## Prompt
Pictures excluded, retype the lines from the one containing "590726-babalar-gunu-motto-karti" through the last line of the data below, both included.
*** Opening of Source material ***
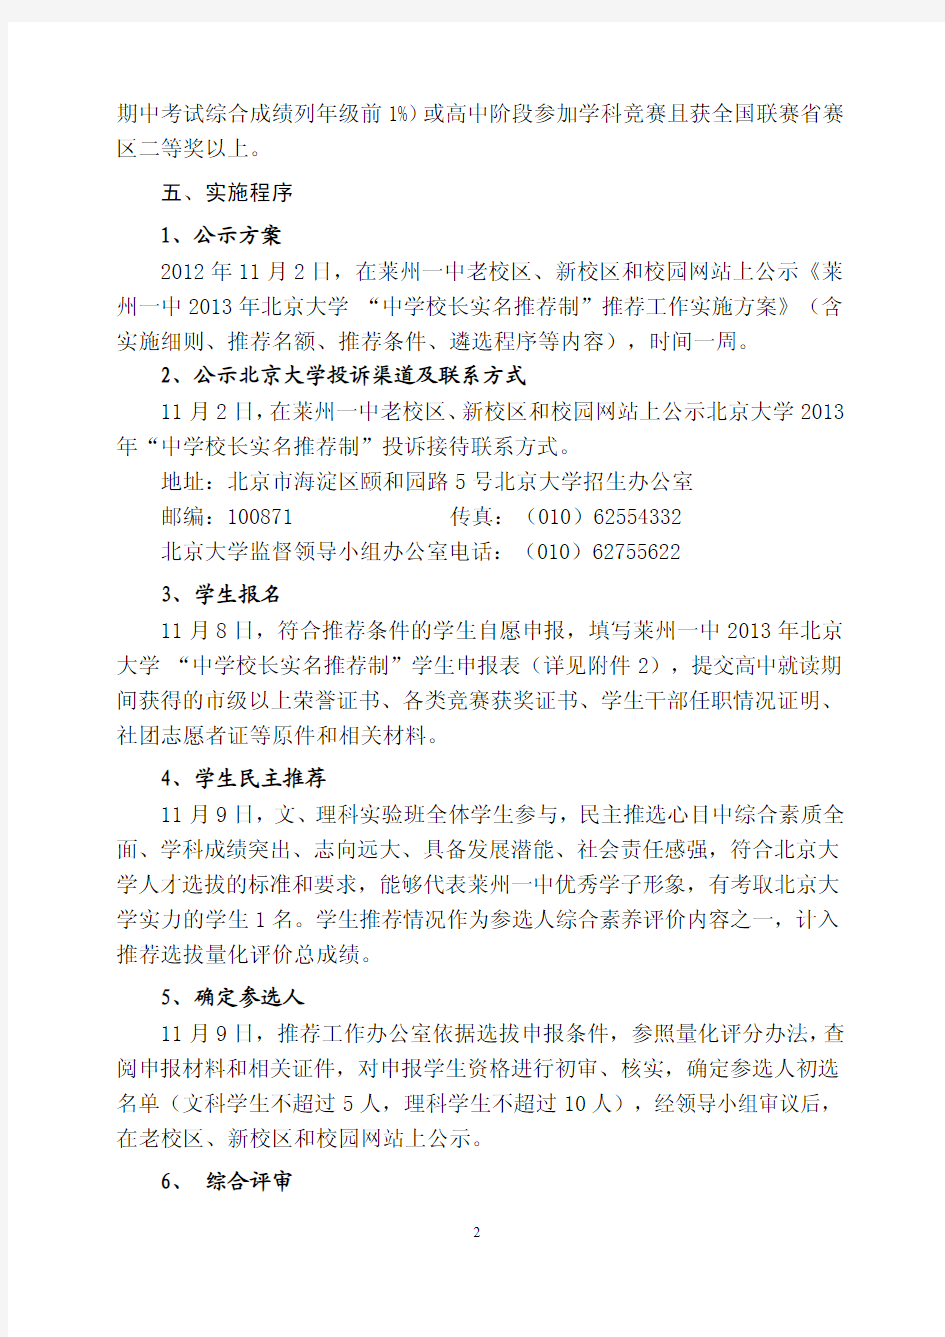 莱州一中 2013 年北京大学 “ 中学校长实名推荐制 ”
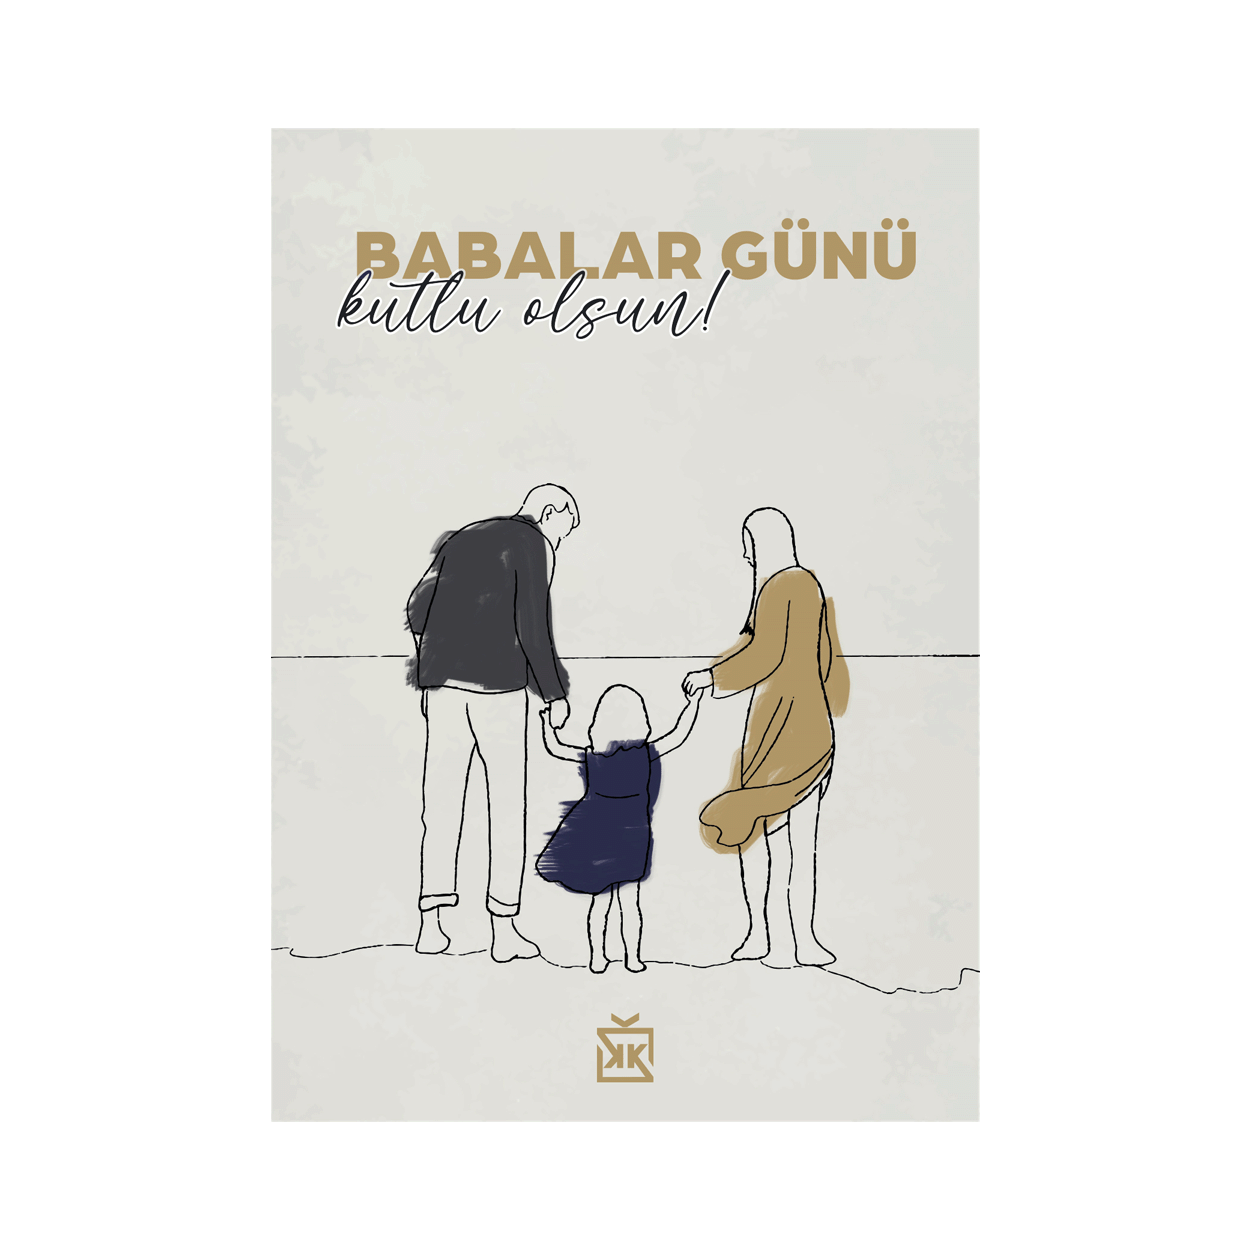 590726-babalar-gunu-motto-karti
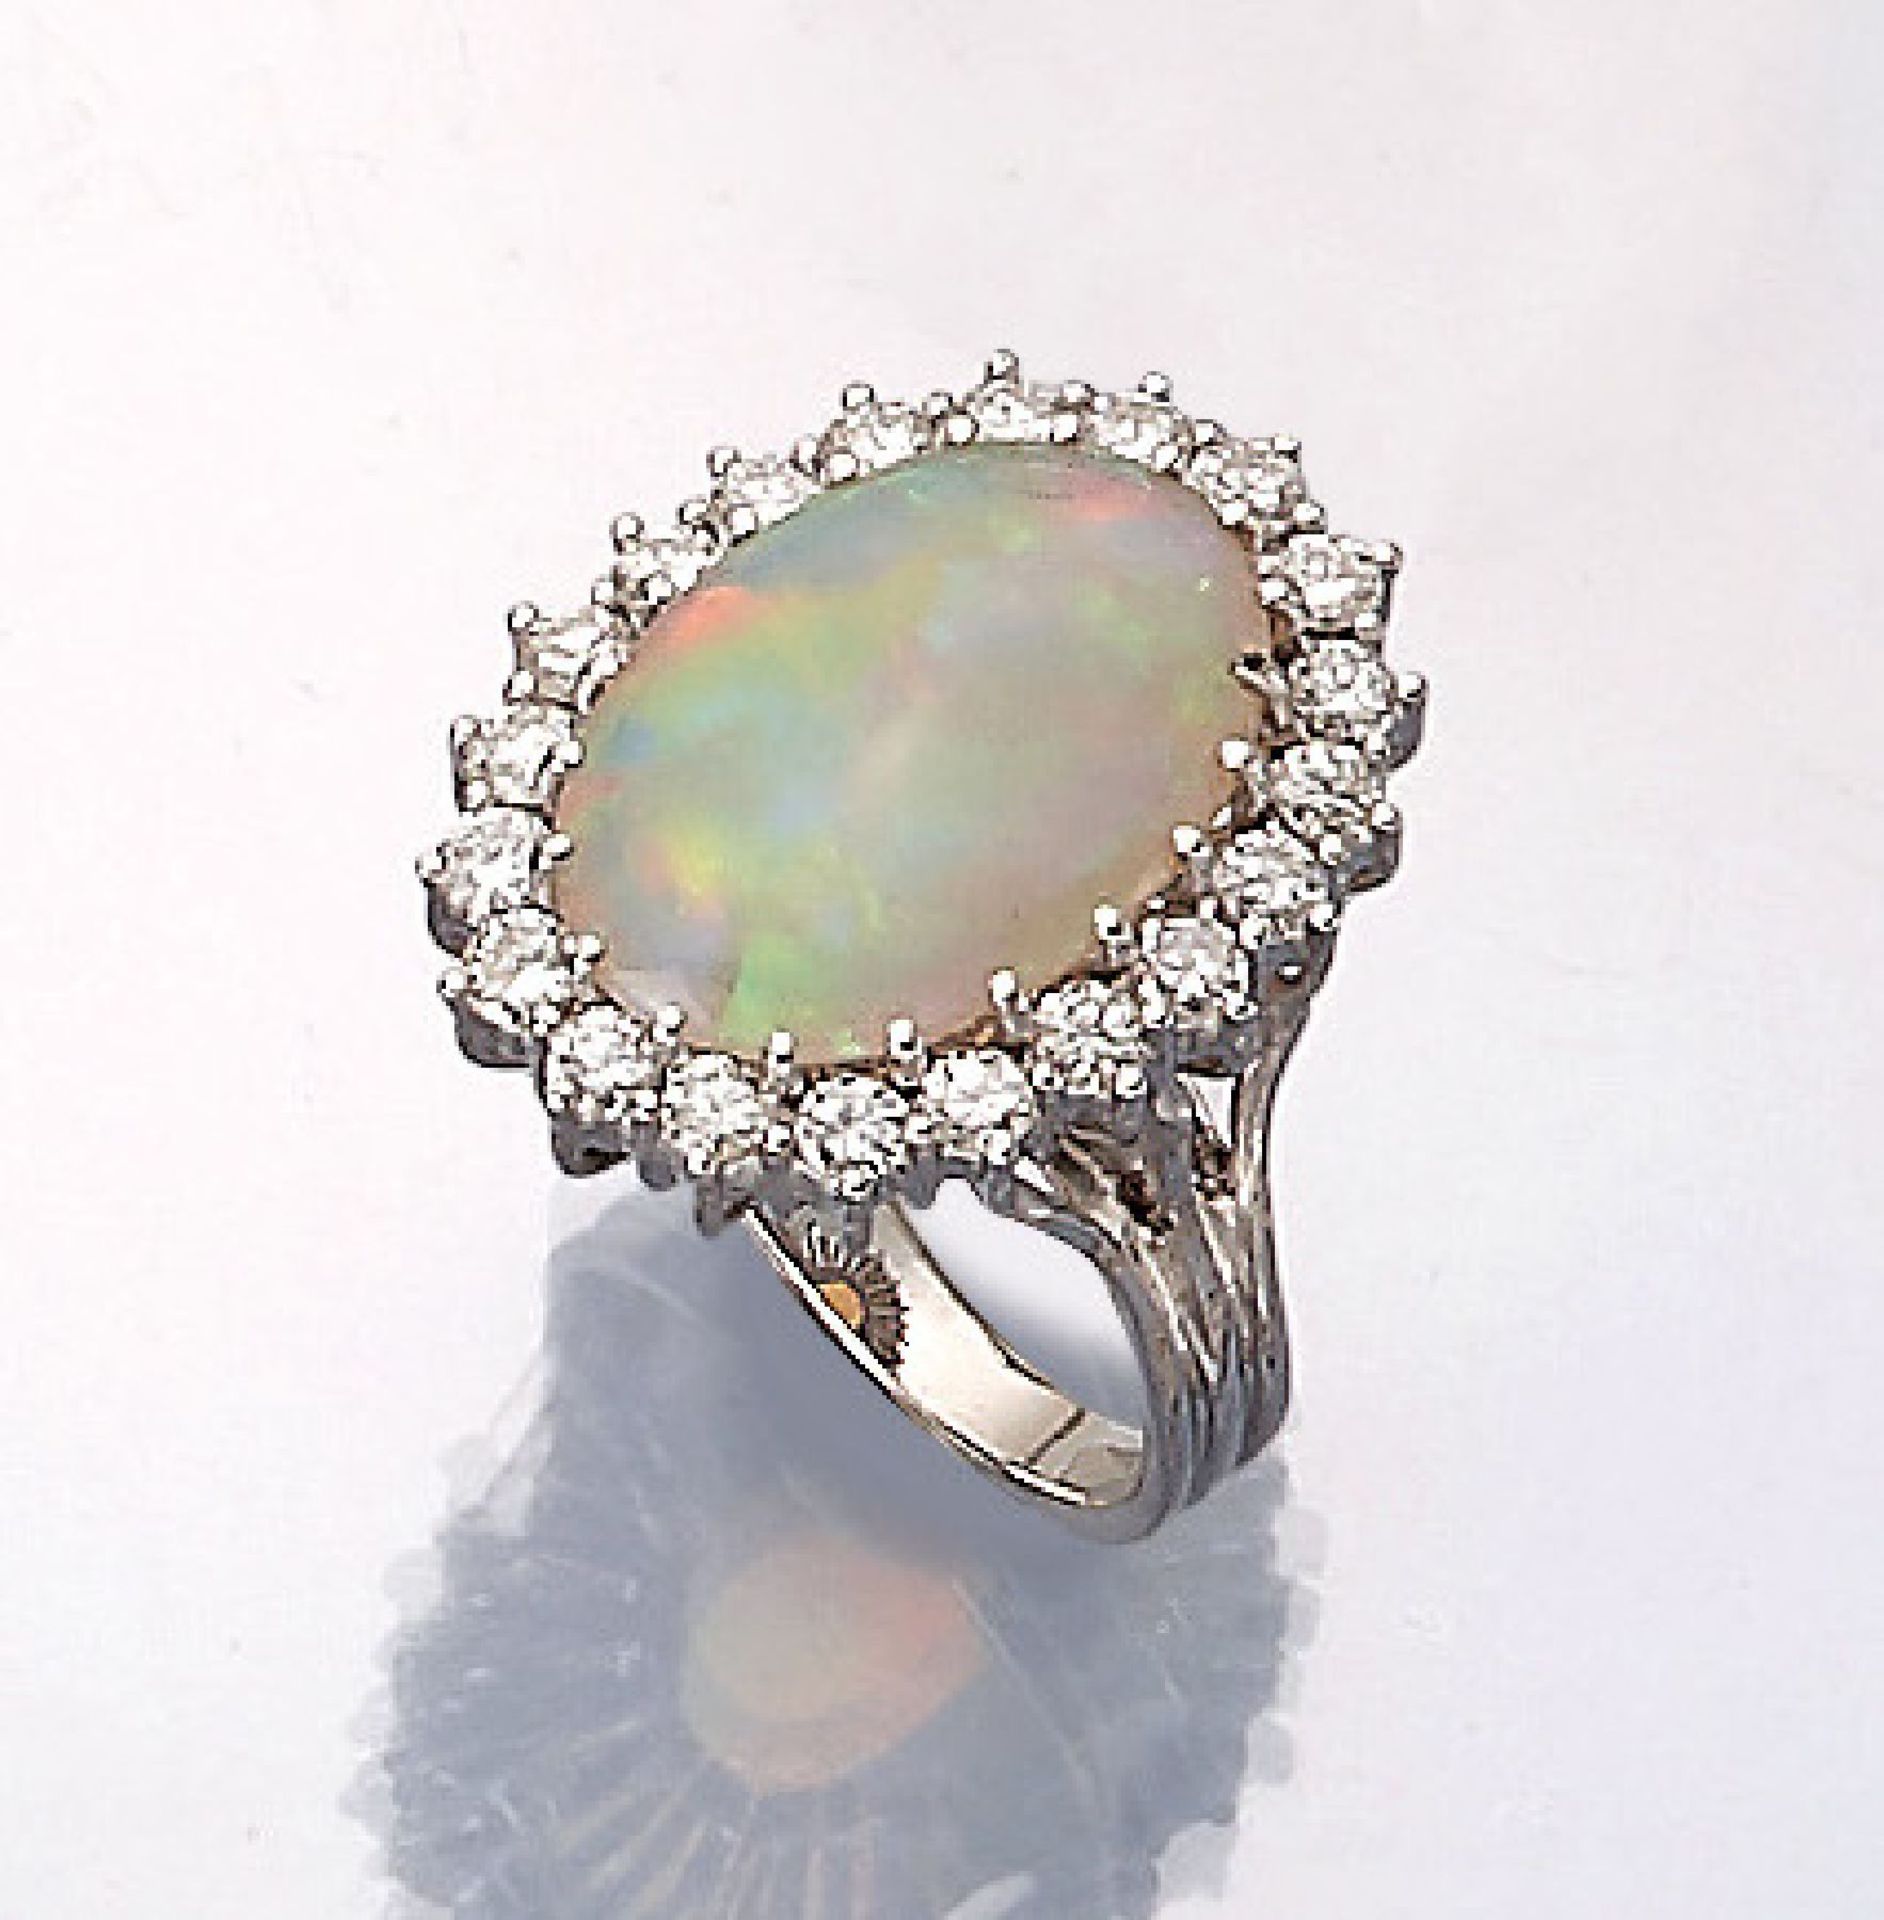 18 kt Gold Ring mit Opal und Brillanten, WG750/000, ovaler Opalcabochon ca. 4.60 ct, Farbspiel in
*** Close of Source material ***
## Expected answer
 590726-babalar-gunu-motto-karti
 18 kt Gold Ring mit Opal und Brillanten, WG750/000, ovaler Opalcabochon ca. 4.60 ct, Farbspiel in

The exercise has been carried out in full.